This is a delicate year in the Democratic Republic of the Congo (DRC), with a general election scheduled for December, two years late, and a lot of unknowns about the resulting aftermath. While Joseph Kabila announced he will respect the constitutional term limits for the presidency, there are still concerns over whether a credible election can be held. It is in this context that the United Nations’ largest peacekeeping in terms of budget and number of personnel, the UN Organization Stabilization Mission in the Democratic Republic of Congo (MONUSCO), strives to execute its mandate. MONUSCO has had its own challenges of late—including the security of its personnel, highlighted in the “Cruz report,” and funding cuts—which make it a particularly interesting case study of UN peacekeeping.[1] A closer look at its budget is central to any conversation around the mission’s future.
The Budget Overall
In the lead up to the renewal of MONUSCO’s mandate in March, the Department for Peacekeeping Operations (DPKO) requested a $12 million budget increase for the mission. In the end, the budget of MONUSCO was cut by $27 million. From one perspective, the amount cut is relatively insignificant as they represent only around 2 percent of MONUSCO’s total budget, but the finances of the mission are so precarious that it could yet prove costly in the long term.

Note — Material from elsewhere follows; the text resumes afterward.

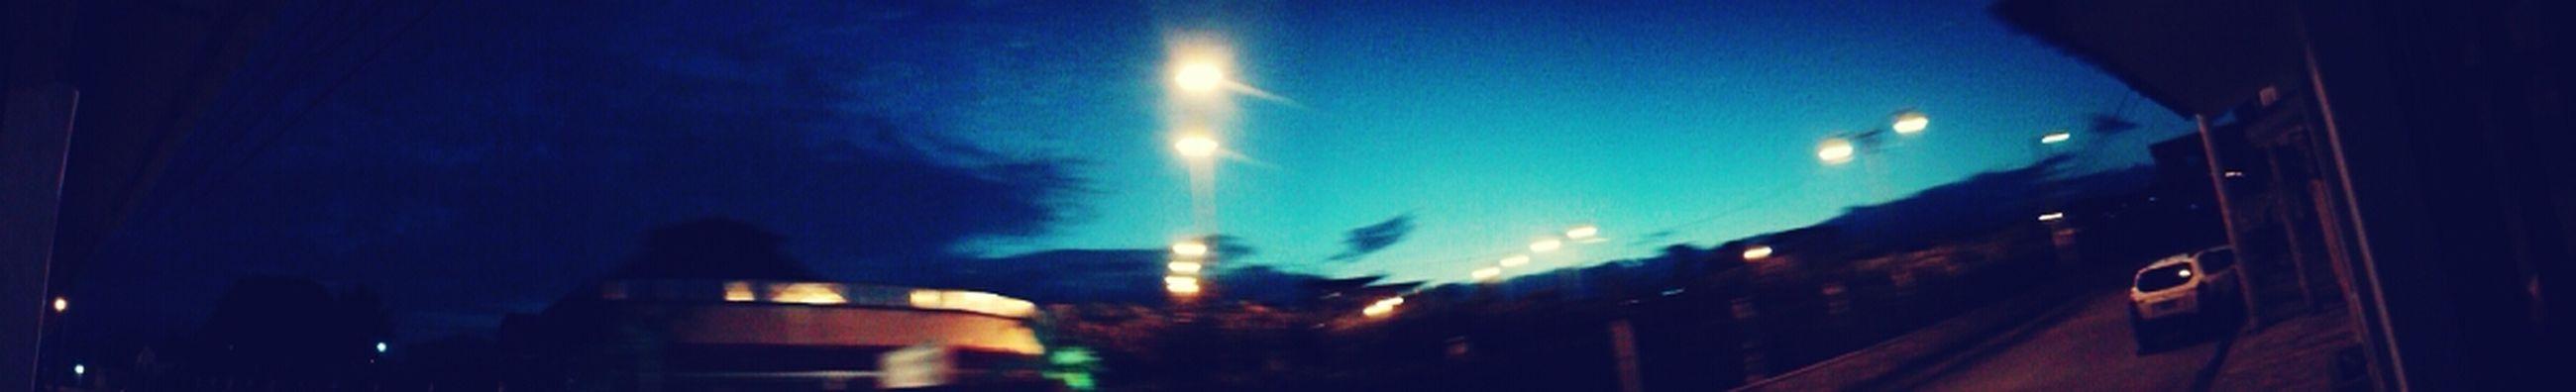 asi luce hoy l cielo son las 6 y 40 pm pero parece q va a llover mas.fuerte q ayer.. Sunset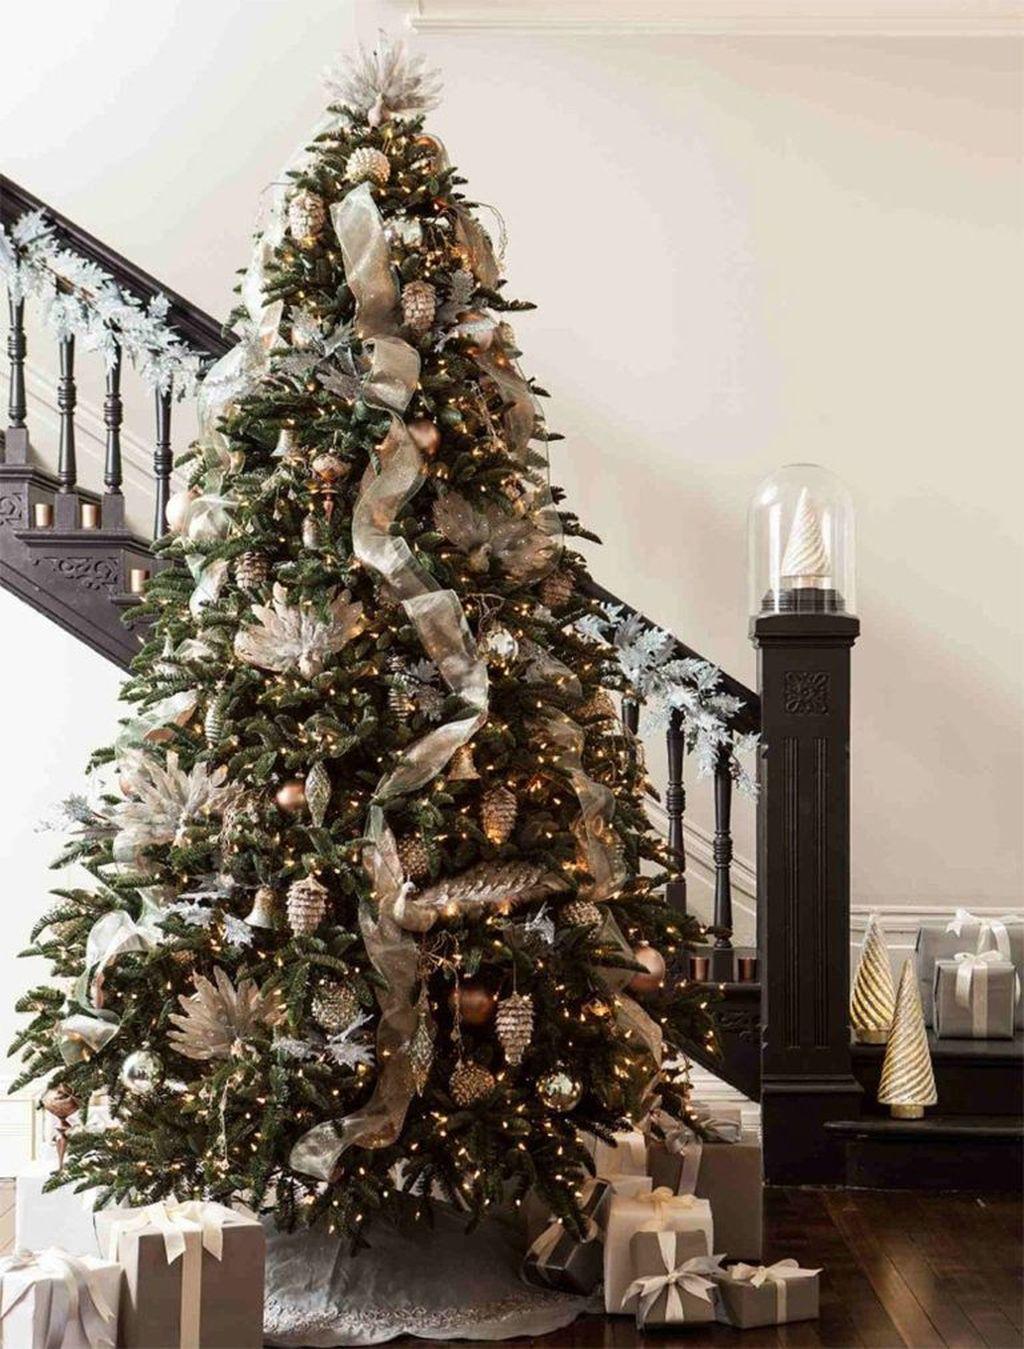 Amazing Winter Christmas Tree Design And Decor Ideas 20

For its requested budget, there were increases of $11 million on air operations, $9 million on facilities and infrastructure, $2 million on supplies, services, and equipment, $1 million on ground transportation, and a near $1 million for official travel. These are to be partly, but not fully, paid for by an $11 million cut to the civilian personnel budget and a $1 million cut to military and police personnel costs.
The UN General Assembly agreed to the increase in spending on air operations and on facilities and infrastructure, but reduced the raise by $2.5 million in each case, and supported most of the increase on official travel (it also, interestingly, approved a $533,500 increase in the mission’s consultancy budget in its entirety, an 84 percent increase). But the General Assembly refused any increase on ground transportation (instead instituting a small cut), and dramatically reversed the extra amounts on supplies, services, and equipment, instituting a near $4 million cut. And it insisted that personnel cuts go far further, carving an additional $2 million out of civilian personnel costs, and a spectacular $25 million more out of military and police personnel costs.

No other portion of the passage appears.